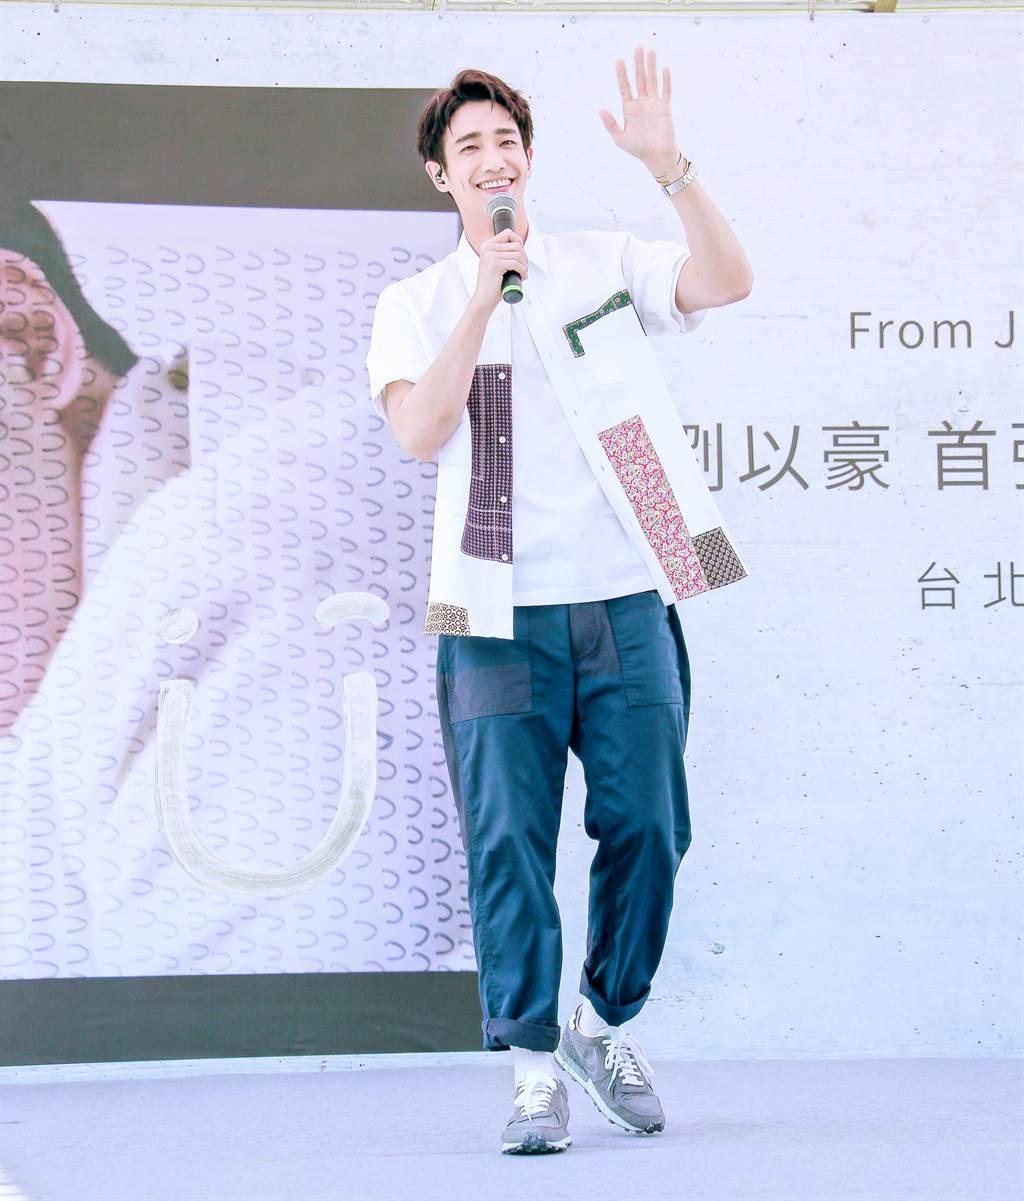 素有「台灣最萌男友」之稱的劉以豪因名模大賽得獎後進入演藝圈,在韓國也大放異采。(羅永銘攝)
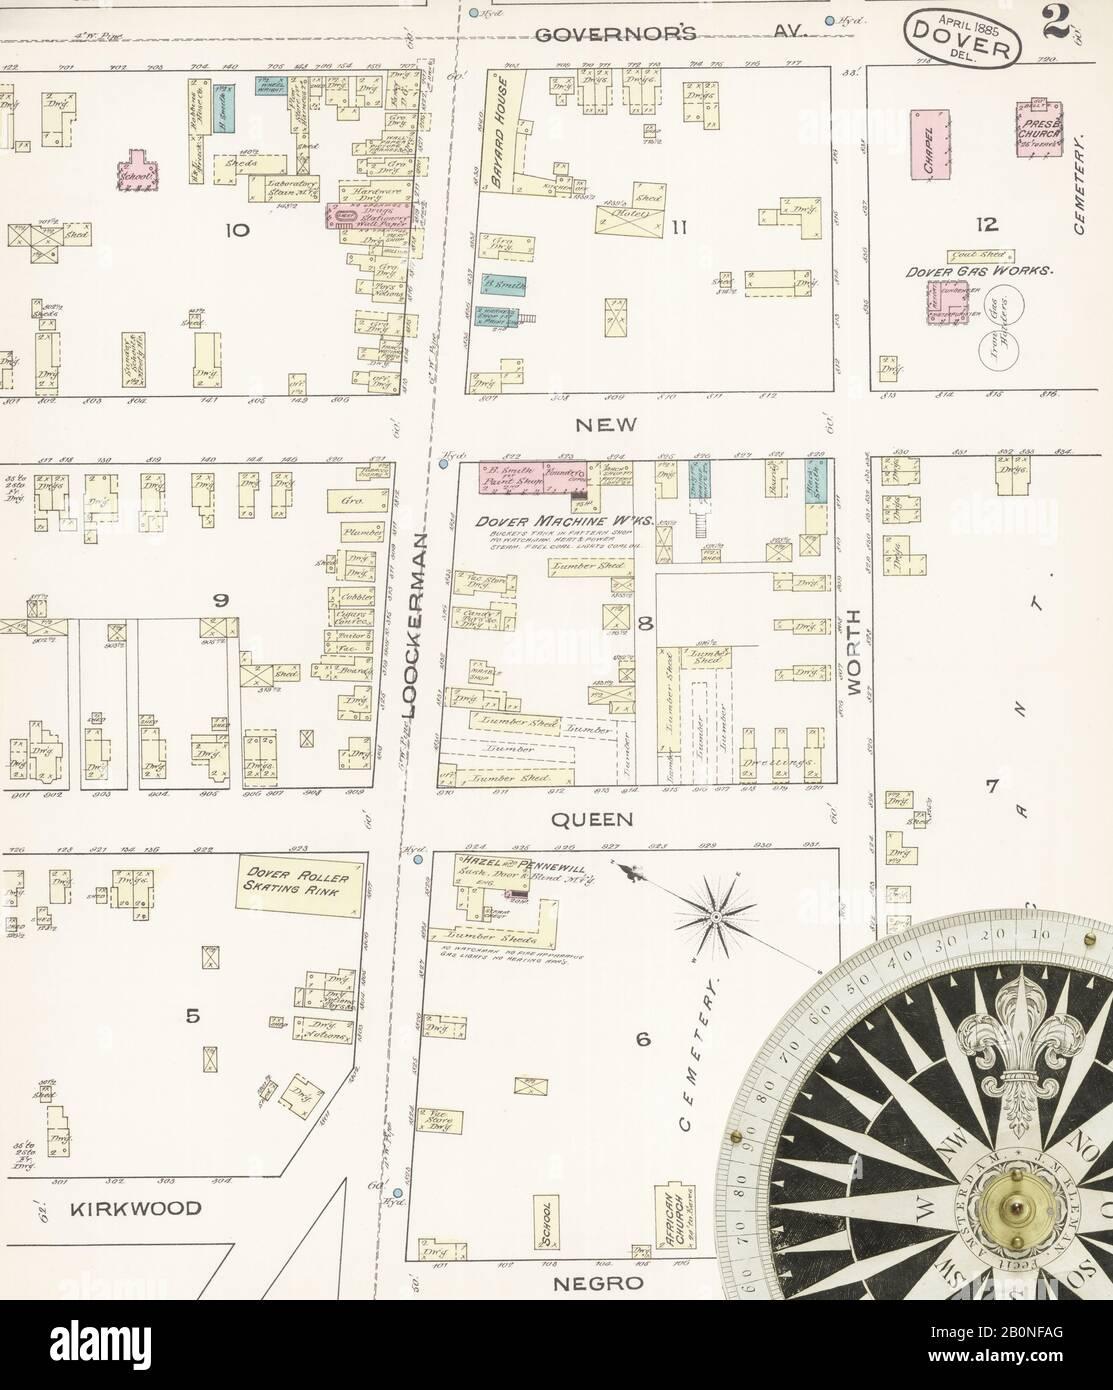 Imagen 2 De Sanborn Fire Insurance Map De Dover, Kent County, Delaware. Abr 1885. 4 Hoja(s), América, mapa de calles con una brújula del siglo Xix Foto de stock
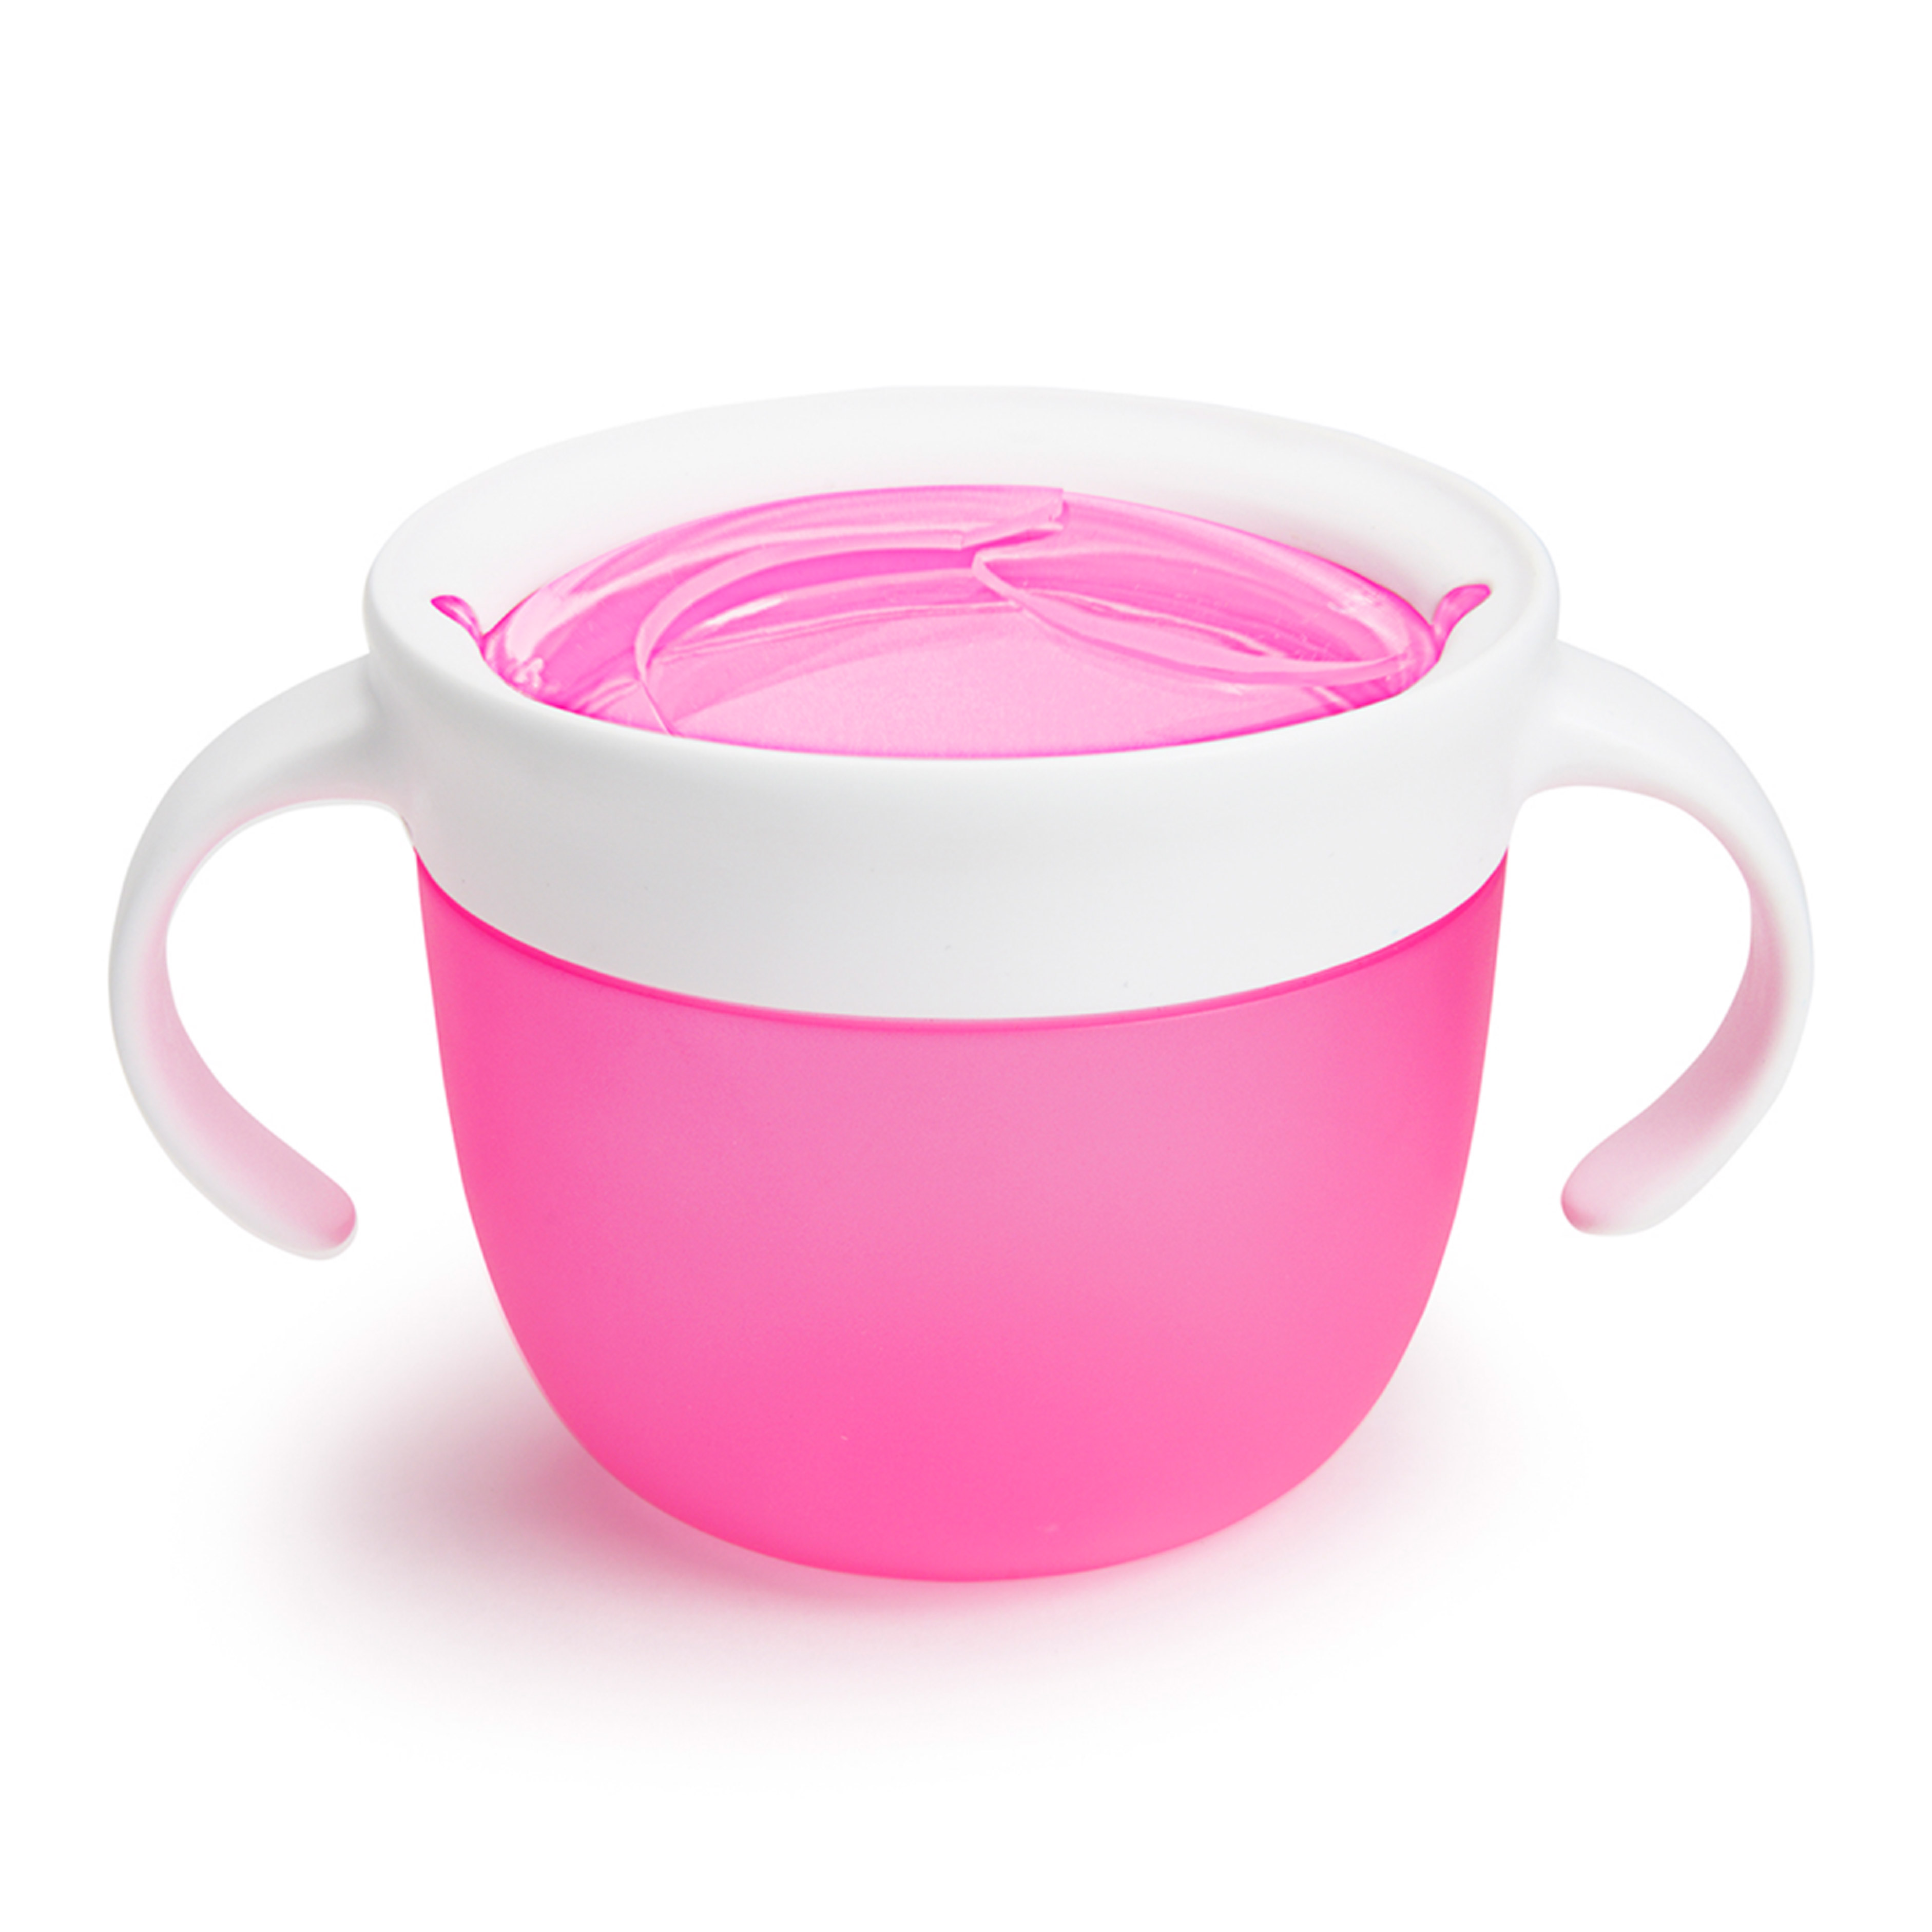 Контейнер Munchkin Поймай печенье розовый 12м+ контейнер munchkin поймай печенье голубой 12м
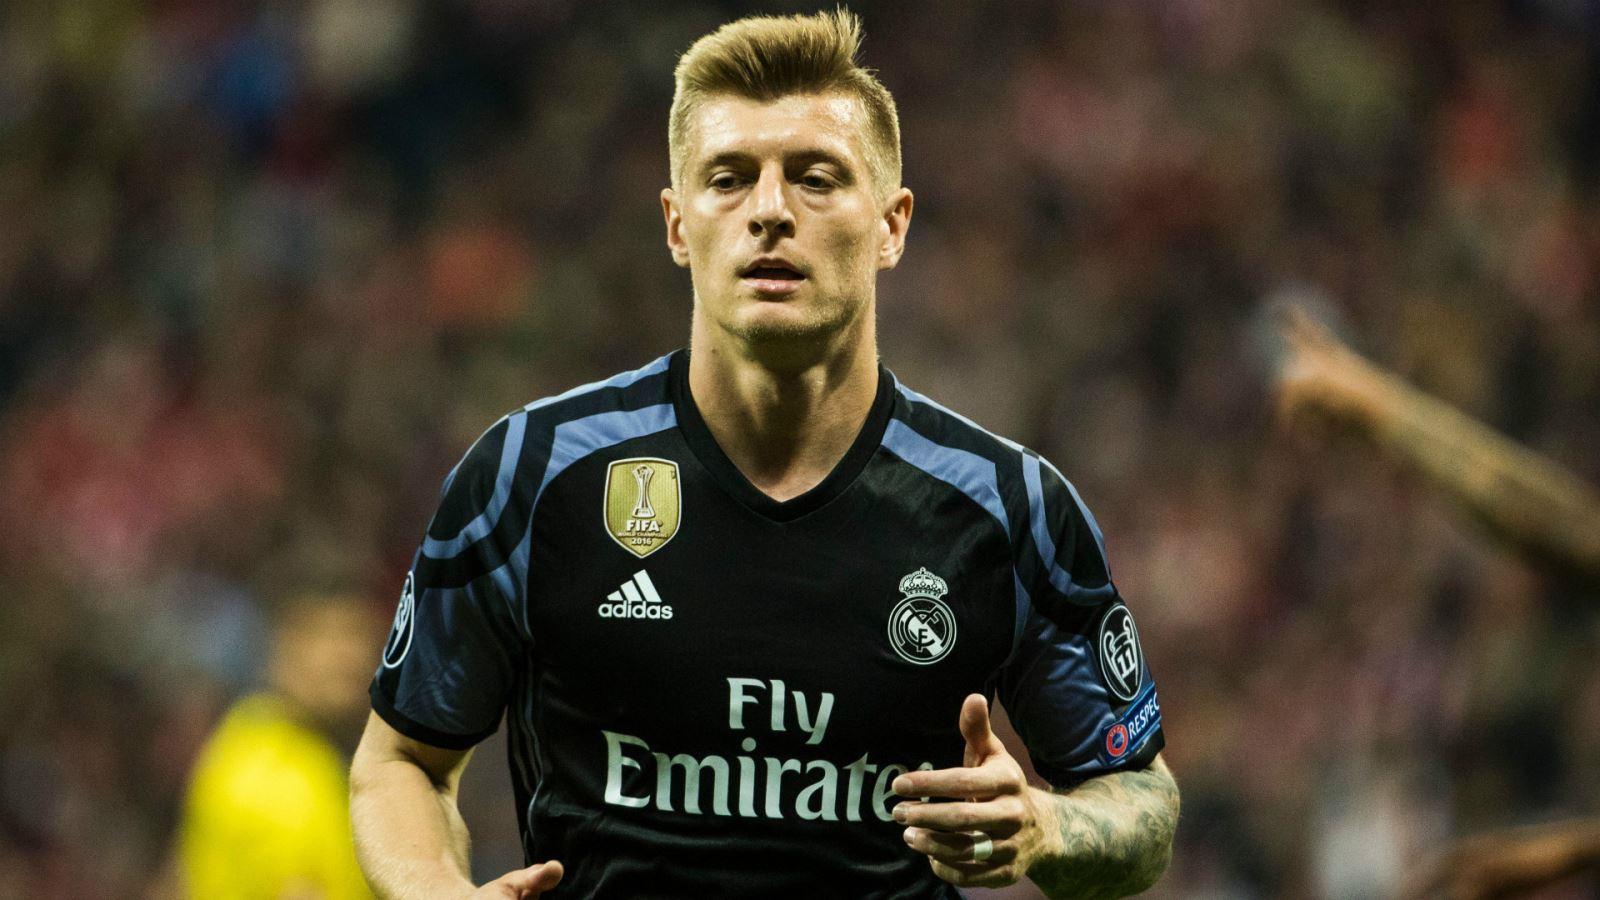 CHUYỂN NHƯỢNG 16/7: Milan quyết mua Modric. Arsenal cân nhắc giữ Mahrez và Lemar

▶ **Instructions to follow**
Only the pictures stay behind; everything else in the data above is to be retyped exactly.

▶ **Solution below**
 素有「台灣最萌男友」之稱的劉以豪因名模大賽得獎後進入演藝圈,在韓國也大放異采。(羅永銘攝)
 Imagen 2 De Sanborn Fire Insurance Map De Dover, Kent County, Delaware. Abr 1885. 4 Hoja(s), América, mapa de calles con una brújula del siglo Xix Foto de stock
 Контейнер Munchkin Поймай печенье розовый 12м+ контейнер munchkin поймай печенье голубой 12м
 CHUYỂN NHƯỢNG 16/7: Milan quyết mua Modric. Arsenal cân nhắc giữ Mahrez và Lemar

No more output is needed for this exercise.